In other words, in (c) In the next step, you can use (? R) to match.
(B (c) d) the matching process is:
"\ (" Match "(";
"[^ ()] +" Match "B ";
(? R) Match "(c )";
"[^ ()] +" Match "d ";
"\)" Match ")".
According to the above matching principle, it is not difficult to understand why the 2nd elements of the array $ matches [1] are equivalent to 'E. the substring 'E' is captured in the last matching iteration. during the matching process, only the last capture result is saved to the array.

Rex Note: For this feature, you can try it by yourself and use the regular expression ([a-z] + [0-9] +) + to match the string abc123xyz890, what is the capture result $1. note that the result does not conflict with the Left Longest principle.

If we only need to capture $ matches [0], we can do this:

Copy codeThe Code is as follows:
<? Php
$ String = "some text (a (B (c) d) e) more text ";
If (preg_match ("/\((? : [^ ()] + | (? R) * \)/", $ string, $ matches ))
{
Echo "<pre>"; print_r ($ matches); echo "</pre> ";
}
?>

The results are the same:
Copy codeThe Code is as follows:
Array
(
[0] => (a (B (c) d) e)
)

The change is to change the capture parentheses () to non-capture parentheses (? .
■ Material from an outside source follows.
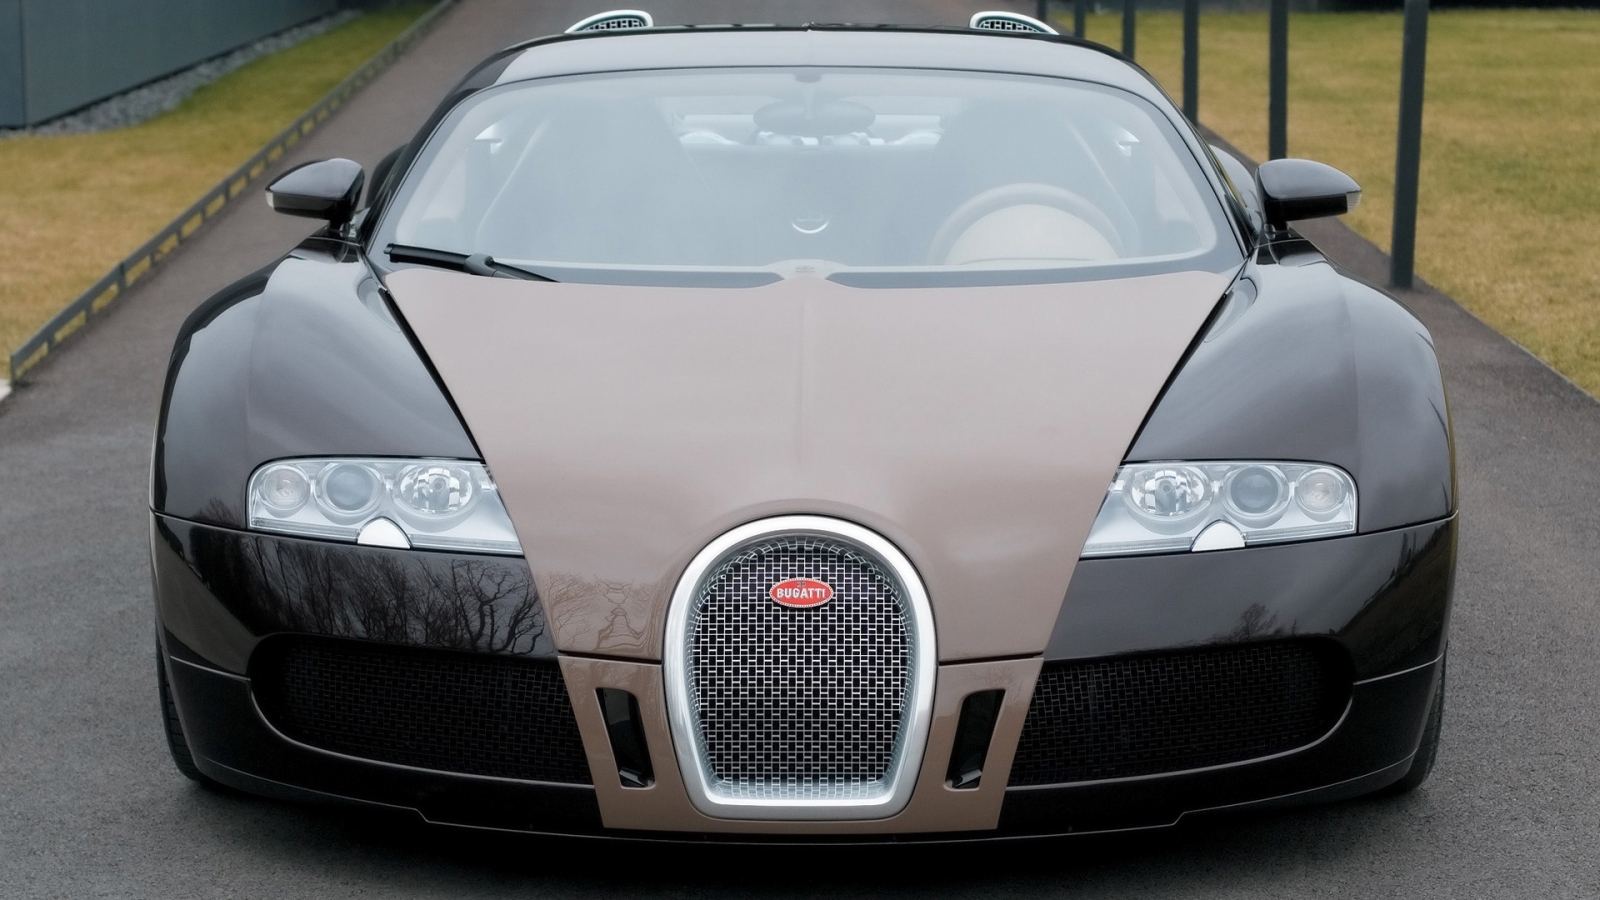 Bugatti Veyron Fbg par Hermes 2008 - Front for 1600 x 900 HDTV resolution

It can also be further improved:

Copy codeThe Code is as follows:
<? Php
$ String = "some text (a (B (c) d) e) more text ";
If (preg_match ("/\ (?> [^ ()] + | (? R) * \)/", $ string, $ matches ))
{
Echo "<pre>"; print_r ($ matches); echo "</pre> ";
}
?>

Here we use the so-called one-time mode (rex note: In "proficient Regular Expression v3.0" Translated by Mr Yu Sheng, it is called "curing group ". refer to this book .) the PHP Manual also recommends that you use this mode whenever possible as long as the conditions permit to speed up regular expressions.

The one-time mode is simple and will not be detailed here. If you are interested, please refer to the official PHP manual. If you want to learn more about PERL Compatible Regular Expressions, refer to the link at the end of this article.

  • Original article: Finer points of PHP regular expressions
  • Perl-Compatible Regular Expressions official documentation
  • PCRE regular document on the PHP Official Website
  • Contact Us

    The content source of this page is from Internet, which doesn't represent Alibaba Cloud's opinion; products and services mentioned on that page don't have any relationship with Alibaba Cloud. If the content of the page makes you feel confusing, please write us an email, we will handle the problem within 5 days after receiving your email.

    If you find any instances of plagiarism from the community, please send an email to: info-contact@alibabacloud.com and provide relevant evidence. A staff member will contact you within 5 working days.

    A Free Trial That Lets You Build Big!

    Start building with 50+ products and up to 12 months usage for Elastic Compute Service

    • Sales Support

      1 on 1 presale consultation

    • After-Sales Support

      24/7 Technical Support 6 Free Tickets per Quarter Faster Response

    • Alibaba Cloud offers highly flexible support services tailored to meet your exact needs.